Consider the task of sorting a list x of size n by repeatedly querying an oracle. The oracle draws, without replacement, a random pair of indices (i, j), with i != j, and returns (i, j) if x[i] < x[j] and (j, i) if x[i] > x[j].

How many times, on average, do we need to query the oracle to sort the list? How is that average affected if the draw is made with replacement? Looking for a formula but an asymptotic estimate or an order would also be great.

This answer gives exact formulas for the expected number of steps, with and without replacement. To be clear, we interpret OP's problem as detailed in OP's Python gist: each step of the process makes one random comparison, and the process stops as soon as the comparisons made are sufficient to determine the total order.
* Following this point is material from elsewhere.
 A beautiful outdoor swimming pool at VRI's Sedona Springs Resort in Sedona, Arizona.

**Lemma 1.** *(i) With replacement the expected number of comparisons is $${n \choose 2} H_{n-1},$$ where $H_k = \sum_{i=1}^k \frac 1 i \approx 0.5+\ln k$ is the $k$th harmonic number.*

*(ii) Without replacement, the expected number of comparisons is* $$n^2/2 - n + 3/2 - 1/n.$$

*Proof.* Assume WLOG that the set of numbers in $x$ is $[n]$. Let random variable $T$ be the total number of steps.
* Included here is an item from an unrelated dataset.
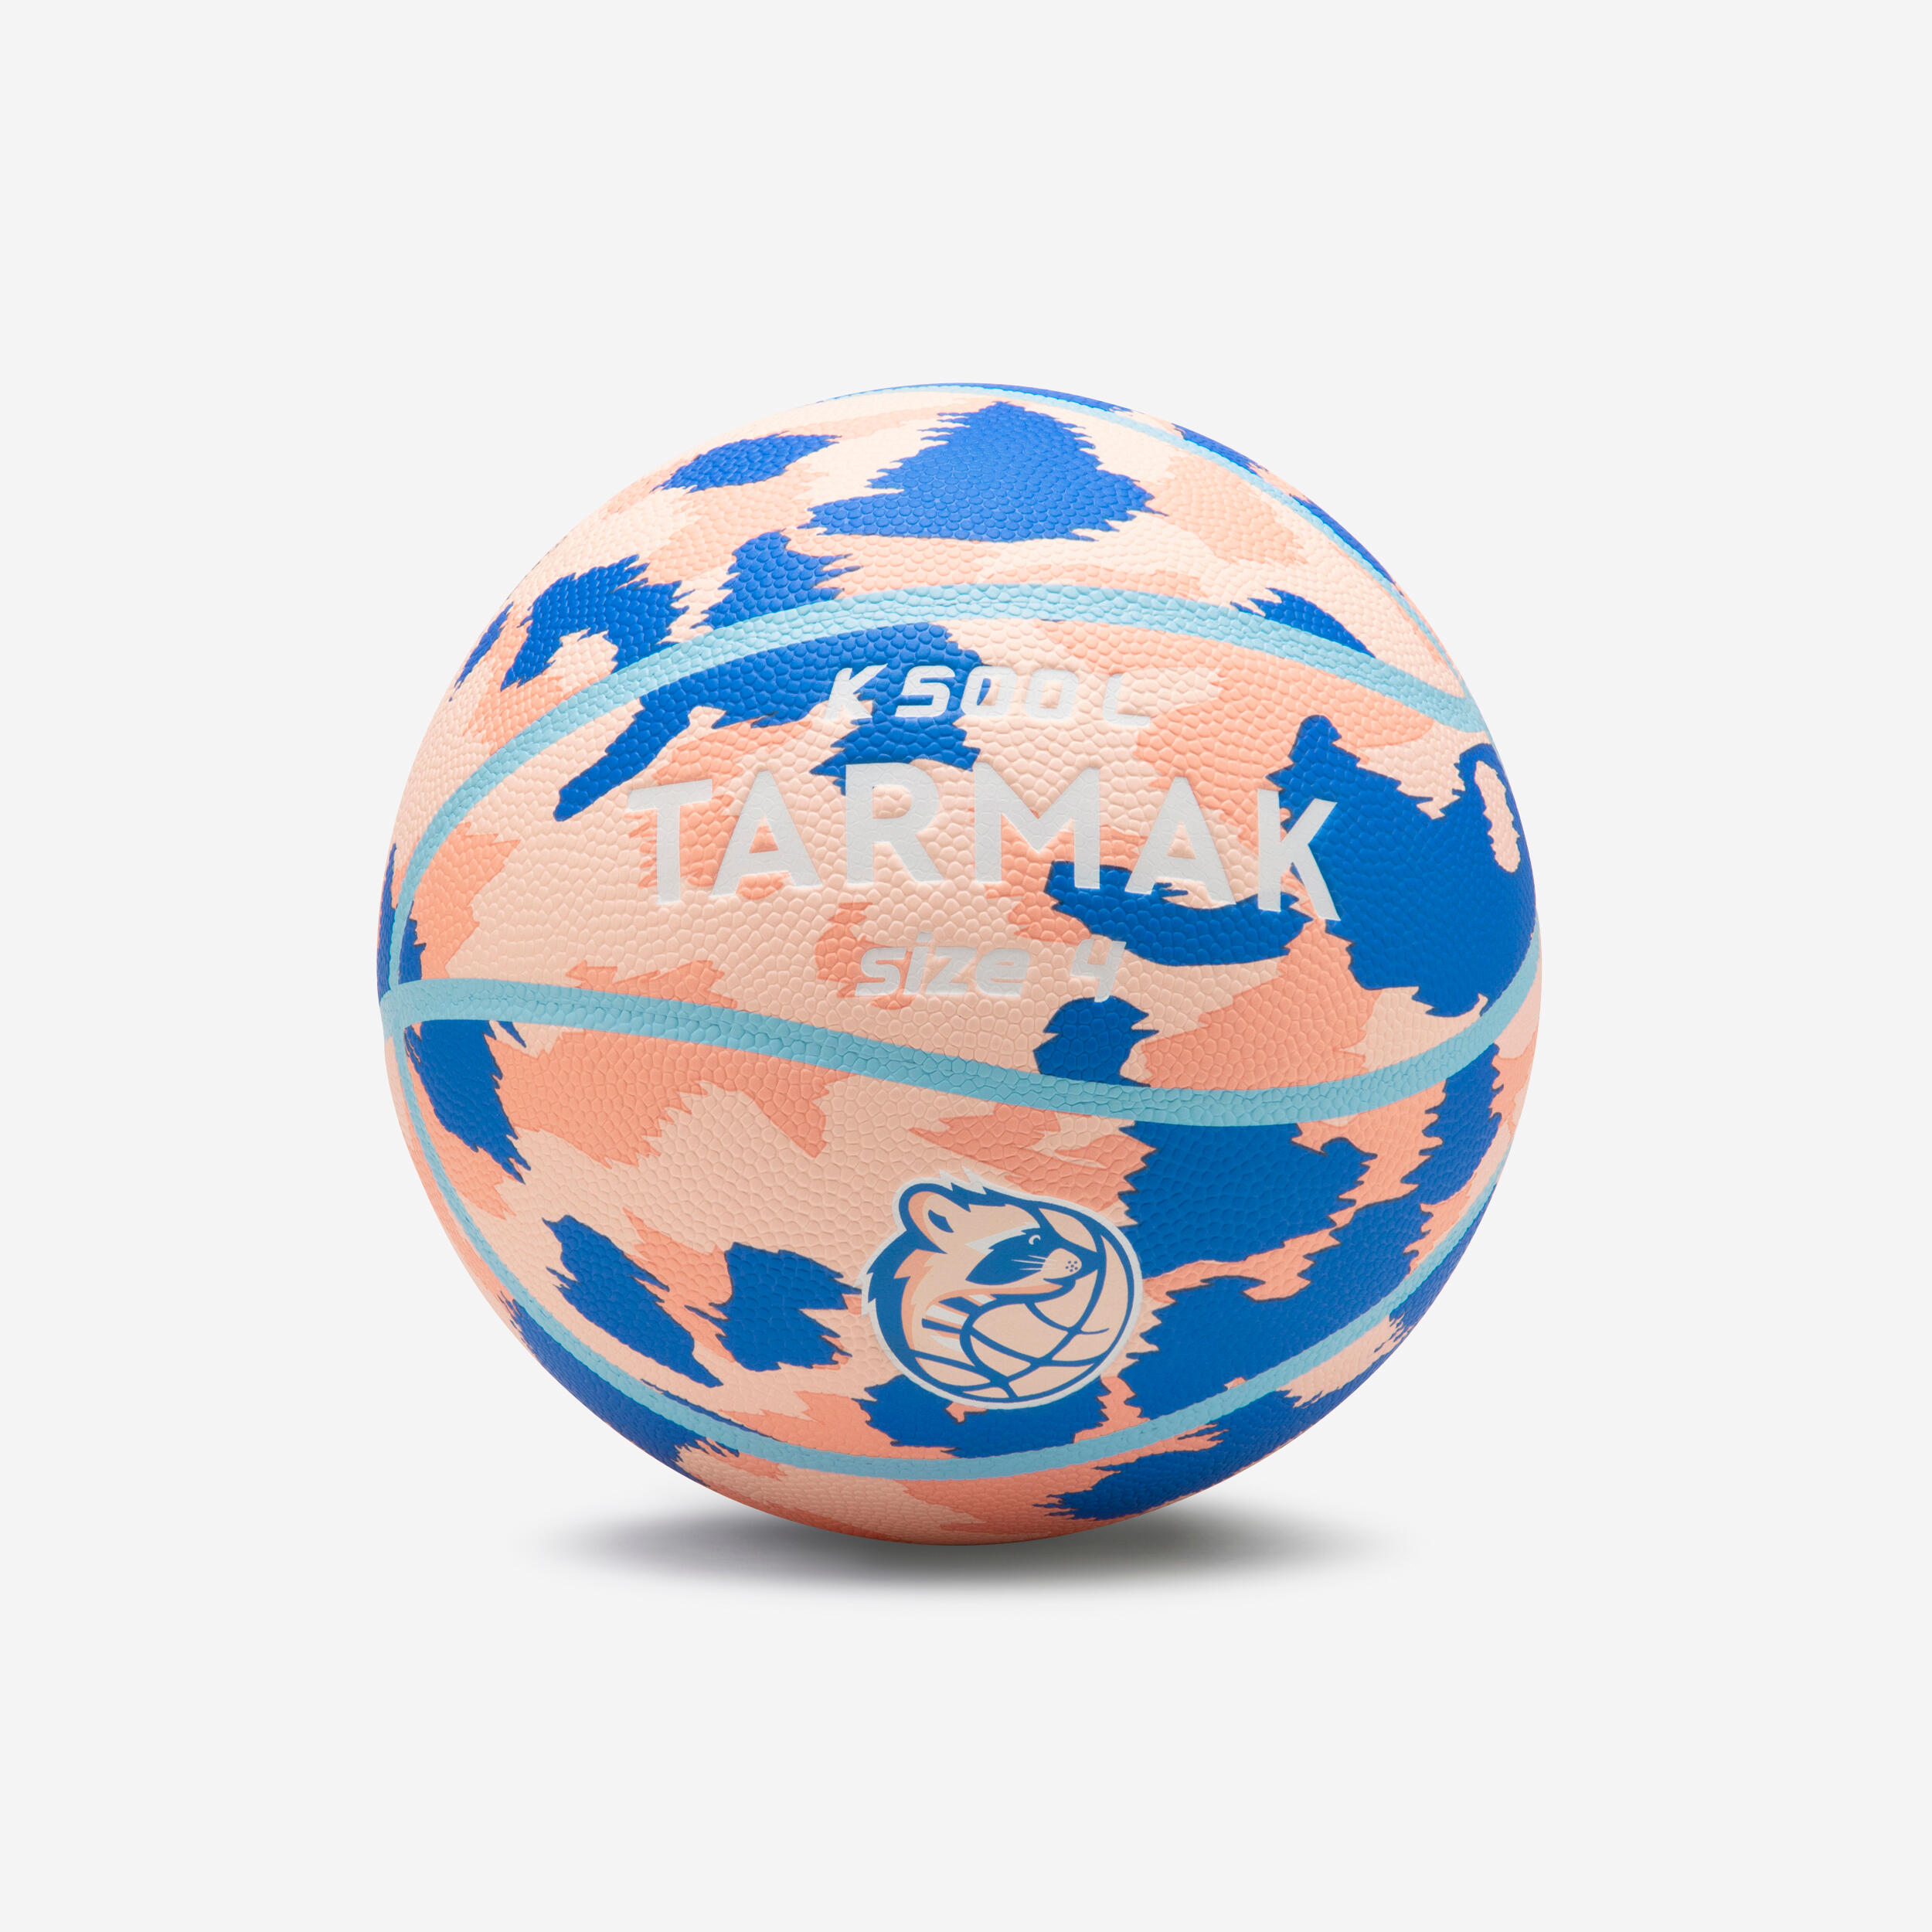 TARMAK Ballon De Basketball Taille 4 Enfant - K500 Rose Bleu

As observed in @user3257842's answer, a necessary and sufficient condition for the full order to be known is that, for all $i\in [n-1]$, the positions holding elements $i$ and $i+1$ have been compared. Call such positions "neighbors".
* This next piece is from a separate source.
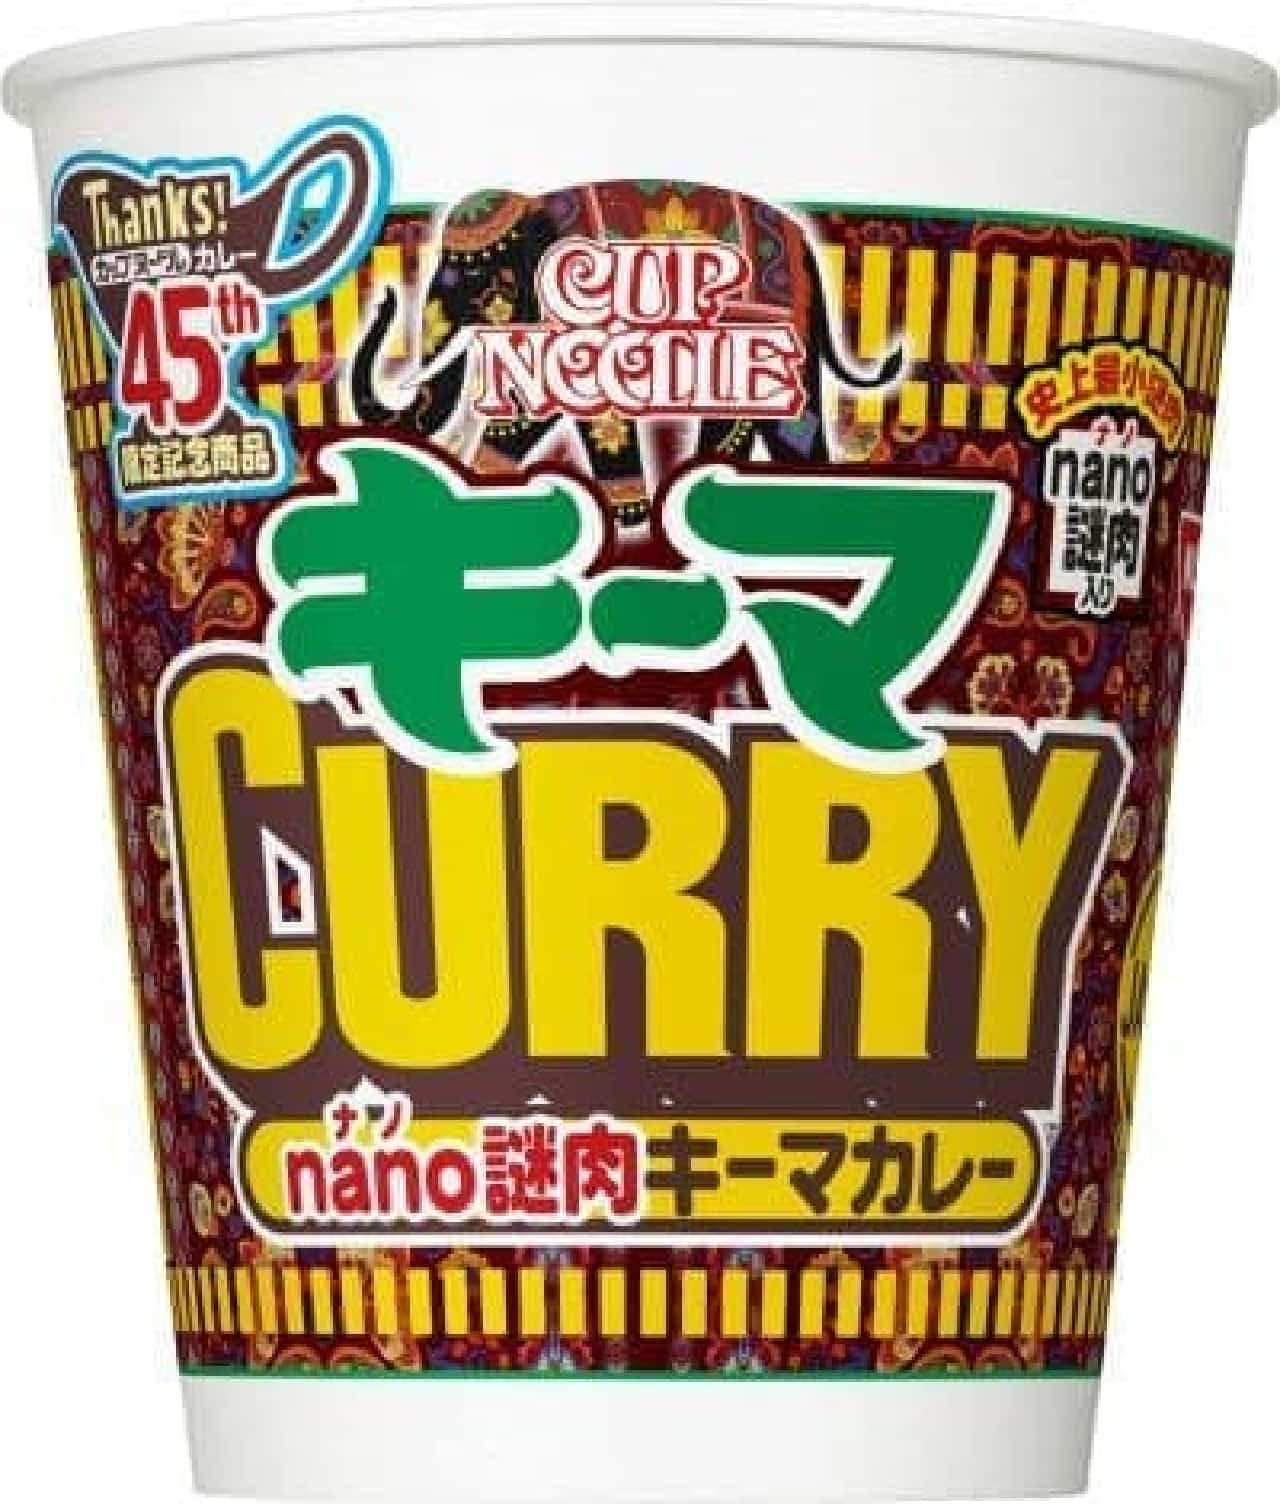 Nissin Foods "Cup Noodle nano (Nano) Mysterious Meat Keema Curry"

*Proof of Part (i).* For $m \in [n-1]$, let random variable $T_m$ be the number of steps such that, at the start of the step, the number of neighbors that have not yet been compared is $m$. Then the total number of steps is $T=T_{n-1} + T_{n-2} + \cdots + T_1$. By linearity of expectation, $E[T] = \sum_{m=1}^{n-1} E[T_m]$. To finish, we calculate $E[T_m]$ for any $m\in [n-1]$.

Consider any $m\in [n-1]$. Consider any iteration that starts with $m$ neighbors not yet compared. Given this, $m$ of the $n\choose 2$ possible comparisons would compare one not-yet compared pair of neighbors, while the remaining comparisons would not (so would leave the number of uncompared neighbors unchanged). So the number of not-yet-compared neighbors either stays the same, or, with probability $m/{n\choose 2}$, reduces by 1. It follows that $E[T_m]$, the expected number of steps that start with $m$ uncompared neighbors, is ${n\choose 2}/m$.

So $E[T] = \sum_{m=1}^{n-1} {n\choose 2}/m = {n\choose 2} H_{n-1}$, proving Part (i).

*Proof of Part (ii).* View the process as follows: a random permutation of the $n\choose 2$ pairs is chosen, and then the algorithm checks each pair (in the chosen order) just until it has compared all neighboring pairs.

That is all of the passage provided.